Utica, N.Y. - A legendary sports writing career is about to come to a close as Ron Moshier, Sports Editor at the Observer-Dispatch, is set to retire on Friday.
Moshier has spent 32 years at the O-D, beginning part-time in 1988 and becoming a full-time writer one year following. He was named Sports Editor in 2017.
He grew up in Richfield Springs where he was a captain for the Indians' varsity football, baseball and basketball teams.
Following his high school career, he attended SUNY Cortland where he majored in physical education and minored in journalism, originally wanting to teach and coach.
However, while at school, his focused changed.
"I loved writing about sports," said Moshier. "Instead of going student teaching, I did an internship at the Cortland Standard newspaper and landed back home. It's been a great ride, it's been a great game."

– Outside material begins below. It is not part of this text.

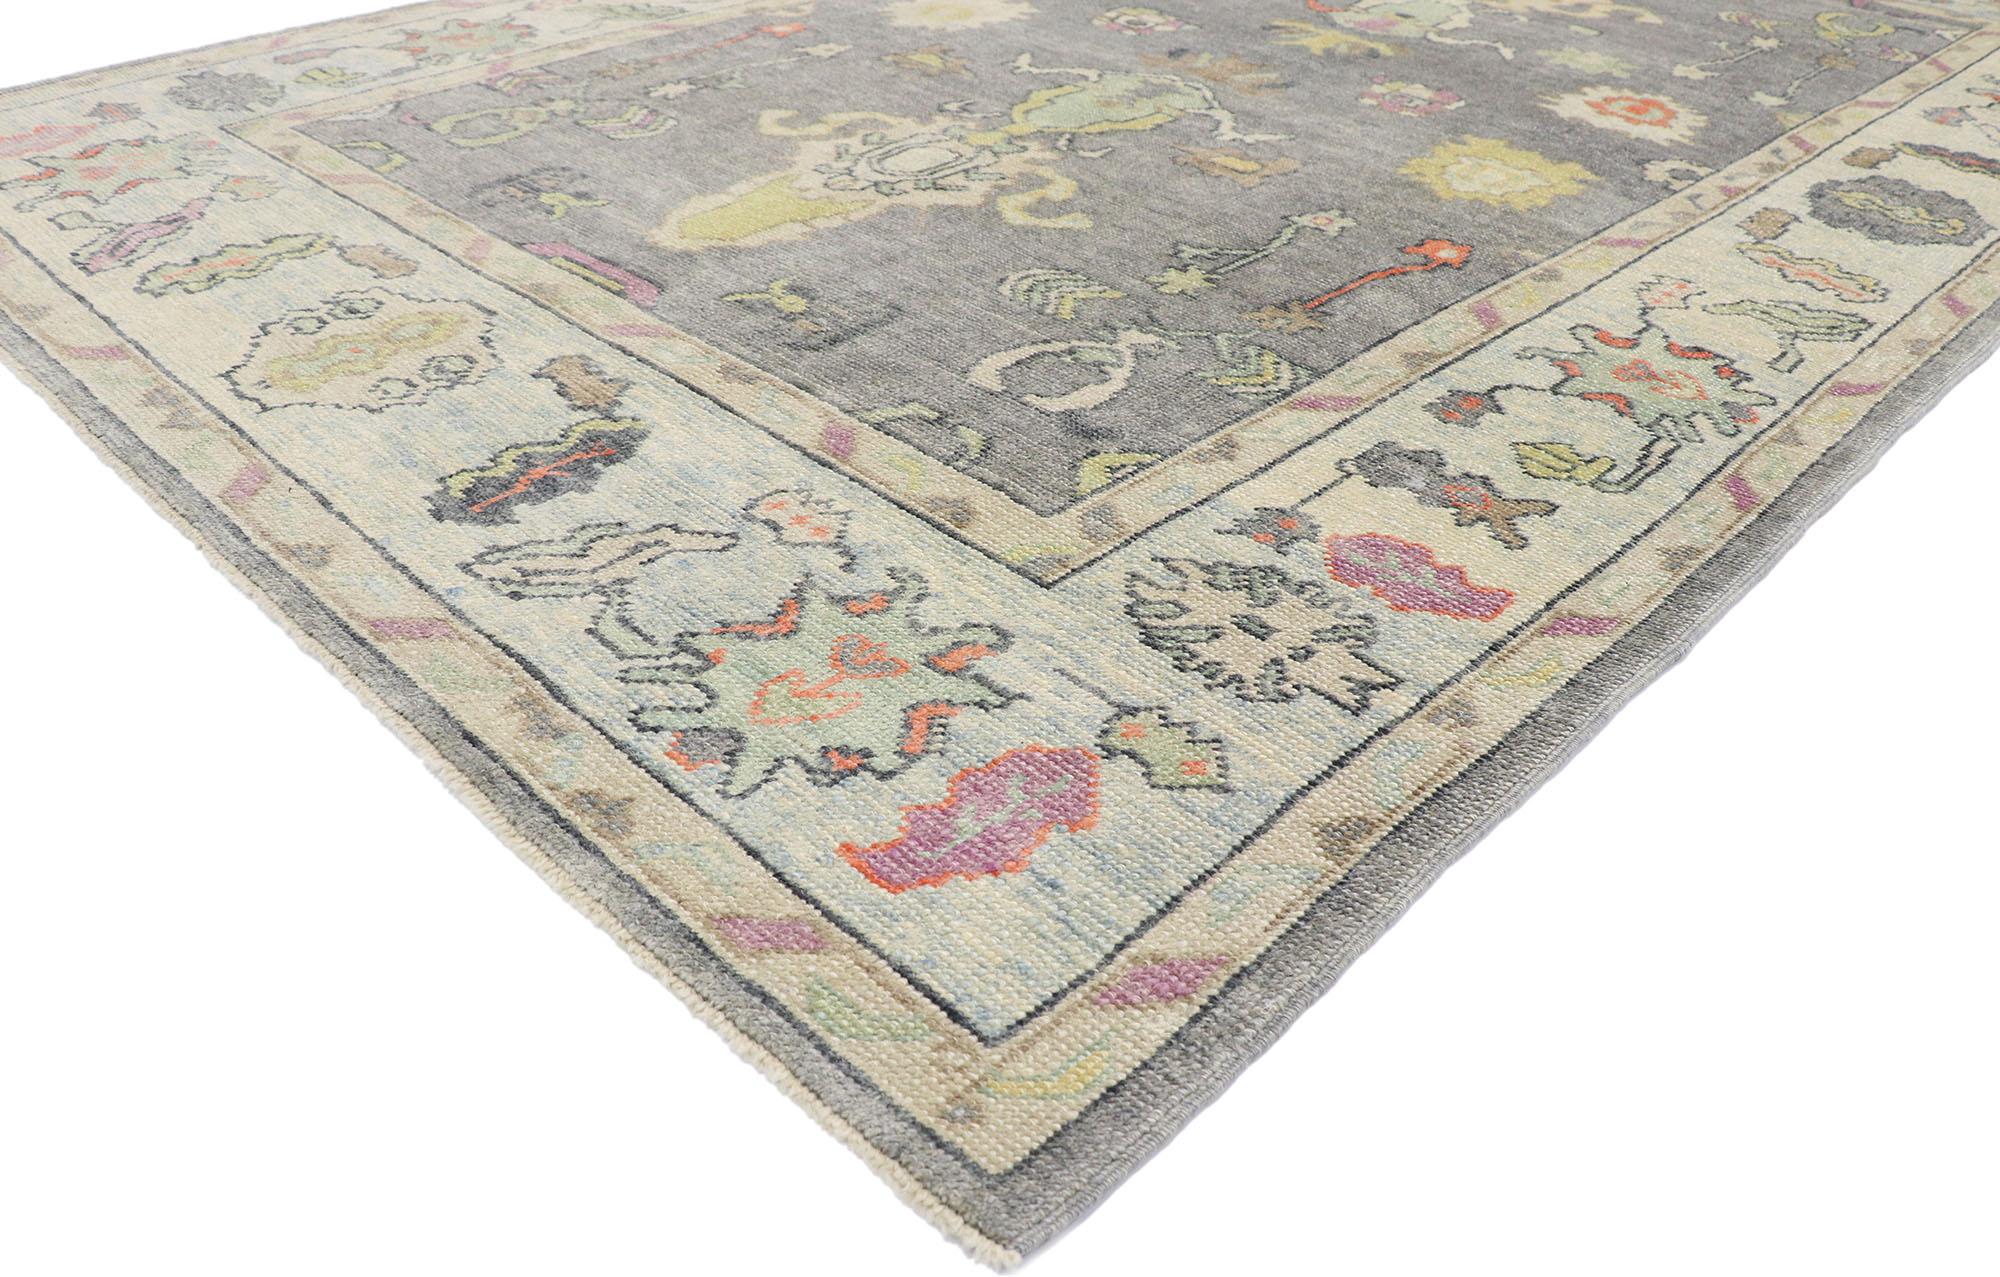 53555 new contemporary Turkish Oushak rug with Modern Parisian style 06'11 x 10'08. Polished and playful, this hand-knotted wool Turkish Oushak rug beautifully embodies a modern Parisian style. The dominant gray field features a colorful array of

While at Cortland, Moshier was the Editor for the school newspaper and following graduation, worked several years at the Cortland Standard before returning to his home area and beginning what would be a long career at the Observer-Dispatch.
"I never dreamt it would last this long because I never thought about it," he said. "I never thought about it ending. It was like a baseball game, there was no time limit. The goal was always set for me, the next game, the next season."
When Moshier first came to the O-D, he was under the tutelage of sports writer John Pitarresi and then-Sports Editor, Les Diven.
"I had great people to learn from," Moshier said. "[Les Diven] was my mentor. He taught me the ropes, the nuts and bolts. He was a 'get the facts' guy."
Now, as he hands over the future of the paper's sports department, he said that he hopes he left and impact on his staff like Diven did for him.
"Without Ben [Birnell], Marquel [Slaughter], and James [McClendon], these past couple of years being the Sports Editor would have been very difficult," he said. "They've made it doable. It's in good hands."
While sports have always been Moshier's passion, he said that getting the chance to interact with so many athletes and coaches over the years has made the journey truly special.
"As much as I love sports, it's been more about the people and what sports has meant to them," he said. "I really, really tried to be as fair and unbiased as possible and I tried to let a Mike Zalewski tell the story, not me. I tried to let a Will Smith tell the story, not me. I just pieced it together. They did the work."
As he reflects on his long career, he looks back fondly and is appreciative for all of the opportunities his job has given him.
"I've been lucky, oh my gosh," he said. "Covering Olympians like an Erin Hamlin, state championships, New Hartford, Clinton, Whitesboro hockey. I got to go along for the ride, win or lose, and I tried as best I could to set the scene with the time and space allowed."
Moshier has spent so much time and effort into sharing the stories of those in our area, he never stopped to think about the impact that his storytelling has had on the people who read them.
"A lot of what I've done over the last 35 years, I, for a long time wrote it off as scrapbook material," he said. "But the last few days, the emails I have gotten from people, people I don't even know, that's made it all worth while, those Friday and Saturday nights."
Over the years, Moshier has become a staple within the community. For him, being able to highlight those within the community has driven him even when deadlines and time constraints made things difficult.
"I know I could have gone on maybe to a bigger market, but this was home," Moshier said. "It wasn't just about the winners. It's corny, but it was about playing the game, about being a part of it
We don't all win the Boilermaker, but it's all about being a part of it."
As he gets ready to turn the page to a new chapter, he said that he isn't sure what the future holds, but that he is looking forward to experiencing it.
"I told [my wife] Monica, people keep asking me now, 'Ron what are you going to do now?,'" Moshier said. "And she just said to tell them one word, live. That's what I'm going to do."